Of all the super healthy greens, kale is the king. A member of the cruciferous family, this leafy green is very nutrient dense. Kale contains: Vitamins A, K, C, B6, Manganese, calcium, copper, potassium, magnesium, flavonoids quercetin and kaempferol, sulforaphane, indole-3-carbinol, lutein and zeaxanthin. It can help lower cholesterol, improve eyesight, may ward off some cancers, and is a good anti-inflammatory.
Blueberries are sweet, nutritious and wildly popular. They are considered to be the ultimate anti-aging memory food and are the most nutrient dense of all berries. They contain Vitamins C and K, manganese, and flavonoid anthocyanins. Studies have shown that blueberries may help improve night vision, reduce eyestrain, and slow the deterioration of memory and motor coordination associated with aging.

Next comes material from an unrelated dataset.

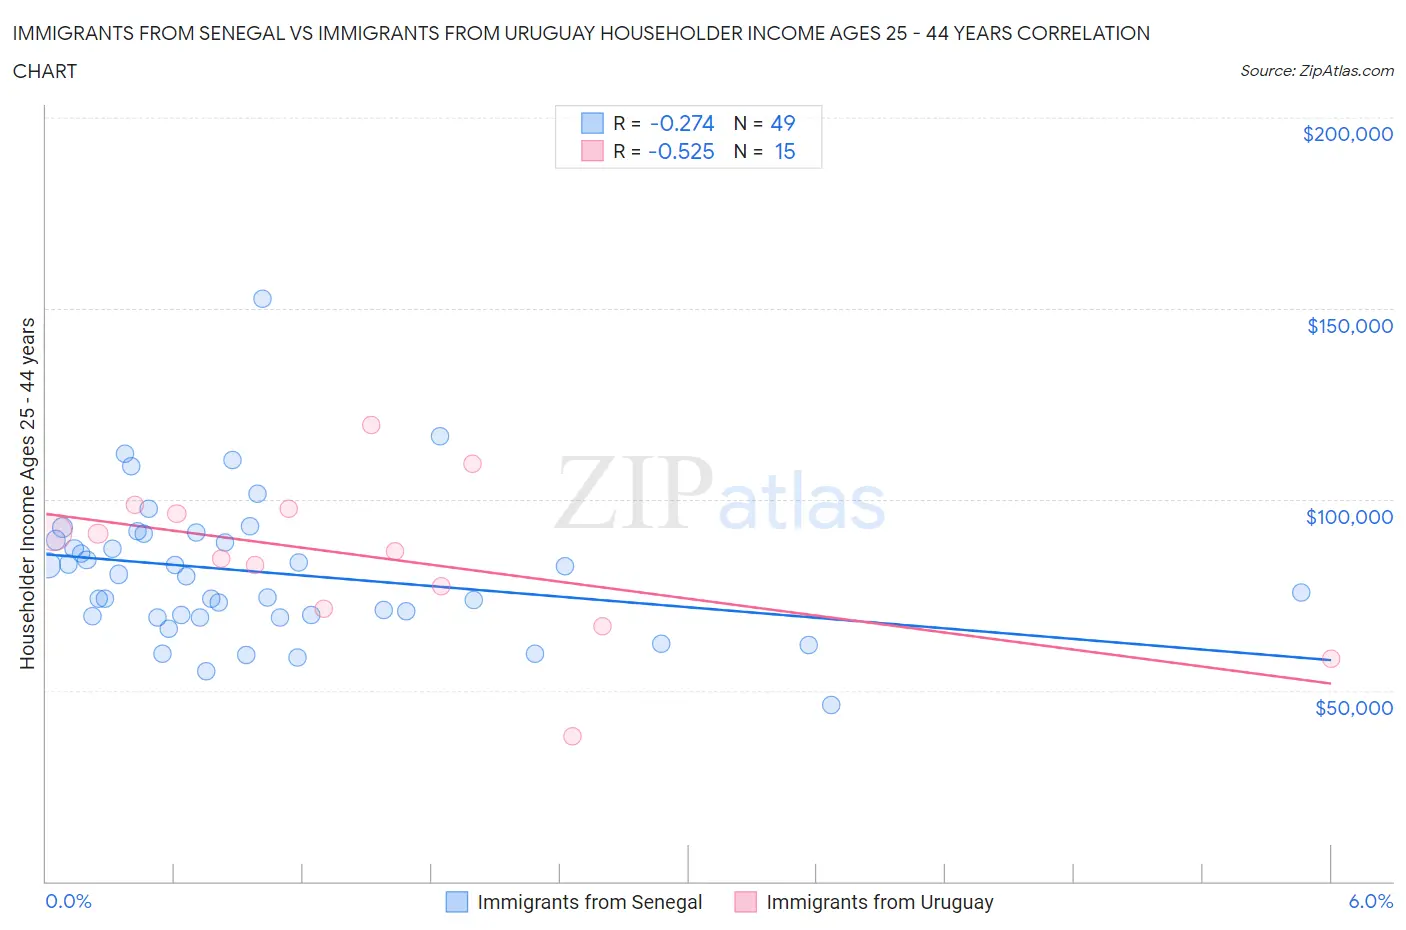 Immigrants from Senegal vs Immigrants from Uruguay Householder Income Ages 25 - 44 years
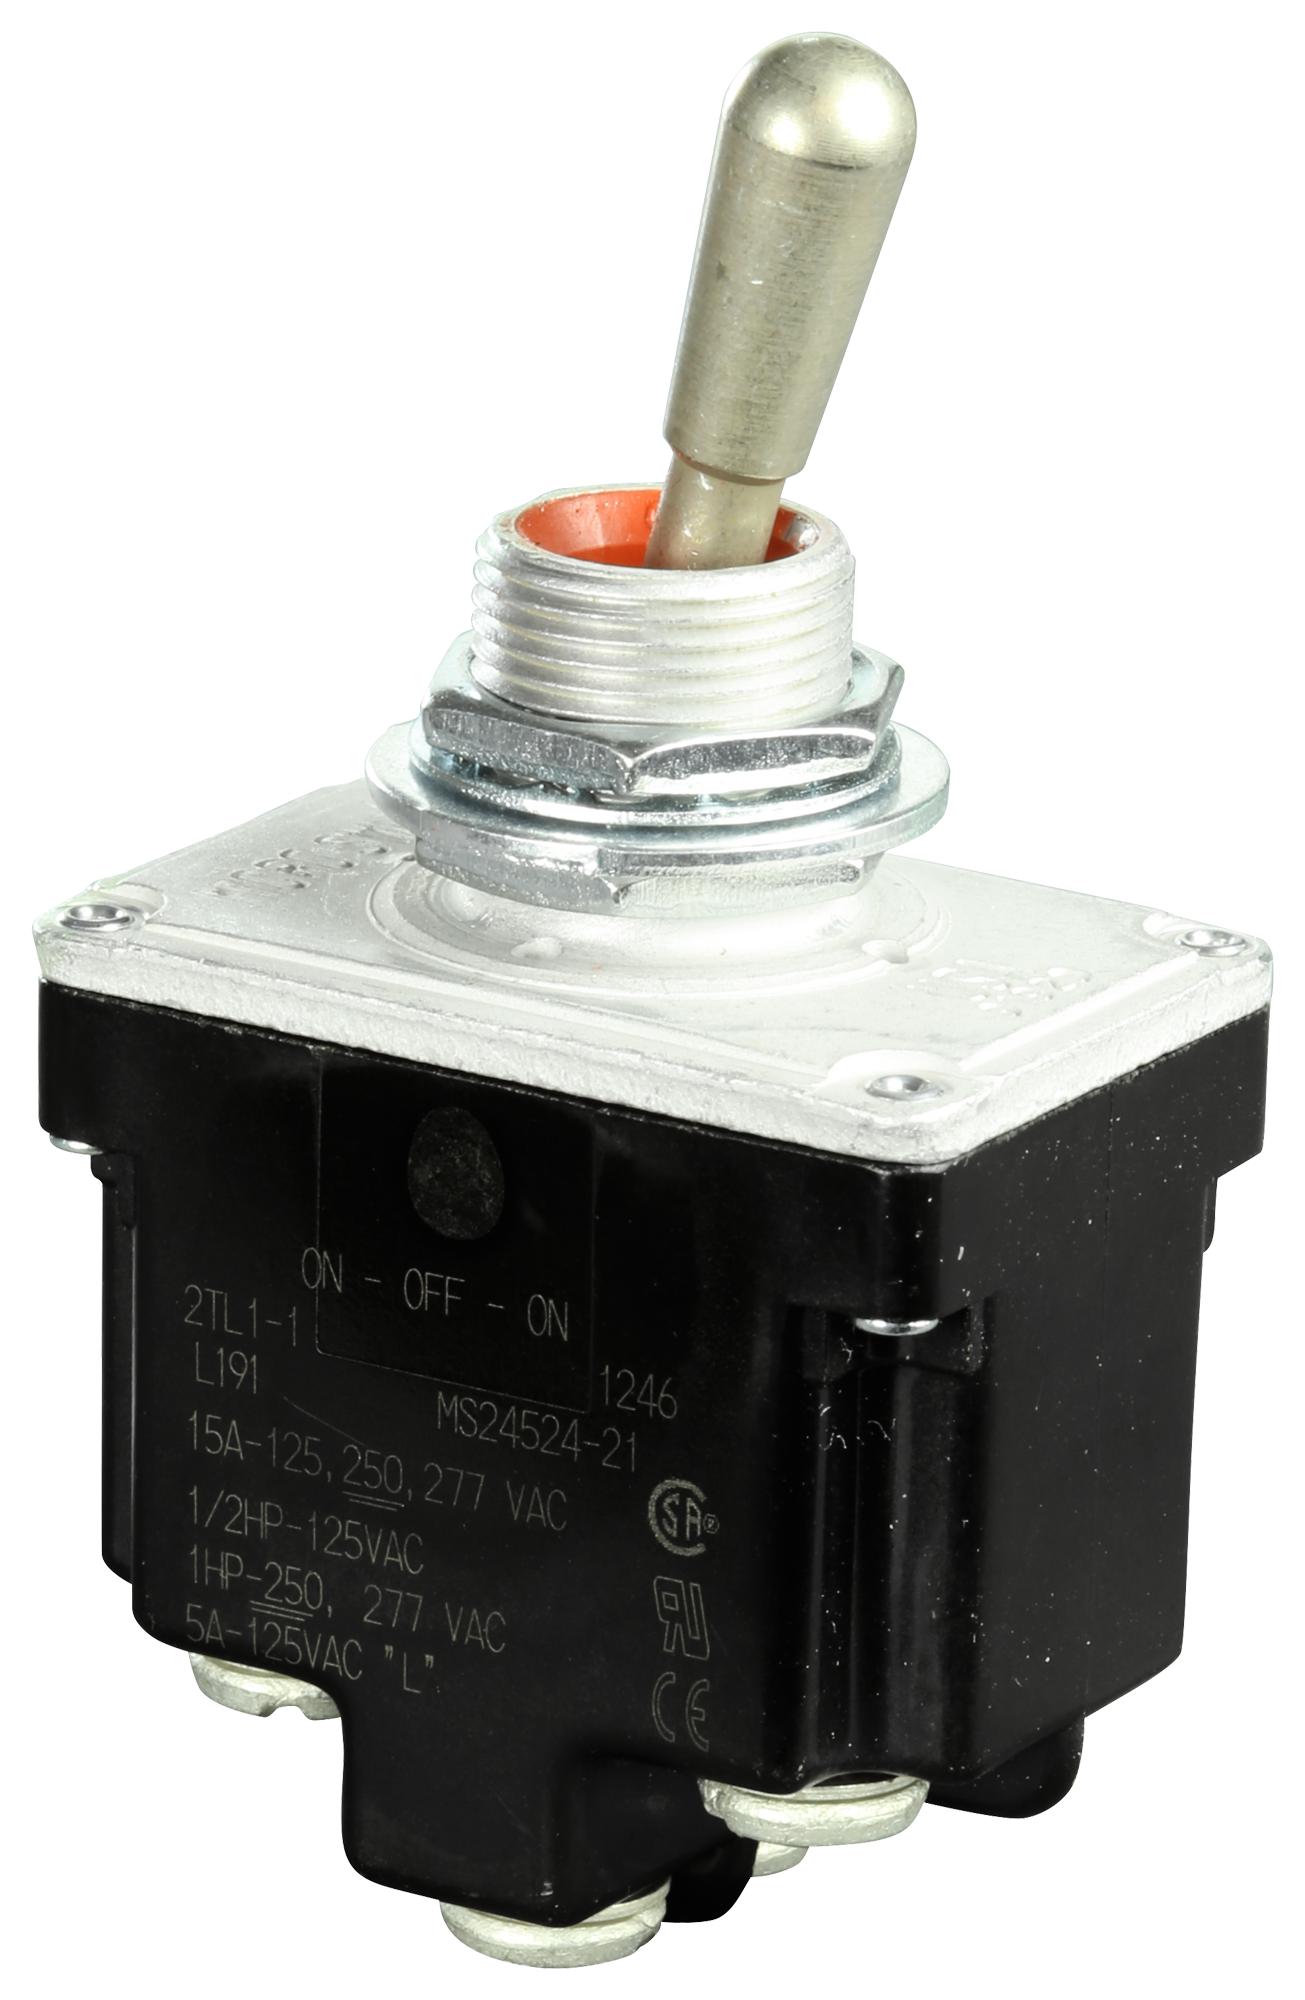 2TL1-1 TOGGLE SWITCH, DTDT HONEYWELL

Put together, these two super foods are a winner.
When I cook or make salads, I add as much or as little as I feel is necessary. I cook "to taste."
- kale (buy pre-cut for a quick put together)
- avocado peeled, pitted, and cut into smaller pieces
- apple peeled, cored, and cut into smaller pieces
- unsalted pumpkin seeds
- goat or feta cheese
- blueberries fresh or frozen
- olive oil
- white balsamic vinegar
- ginger grated
- raw honey
- salt and pepper to taste
- In a bowl, mix kale with a little bit of salt, pepper, and a light coating of olive oil.
- Add avocado, apple, blueberries, pumpkin seeds, and cheese to the kale.
- In a blender, combine a handful or two of blueberries, about three tablespoons of olive oil, one to two tablespoons of white balsamic vinegar, grated ginger (this could make the dressing go spicy so go easy and add more if needed), about a teaspoon of raw honey and some water to thin the mixture.
- Plate the salad, drizzle dressing over the top, and enjoy!
The dark green hues of kale, and rich blue in the berries make this salad not only appetizingly yummy to look at, but it also packs a powerful, nutritional punch.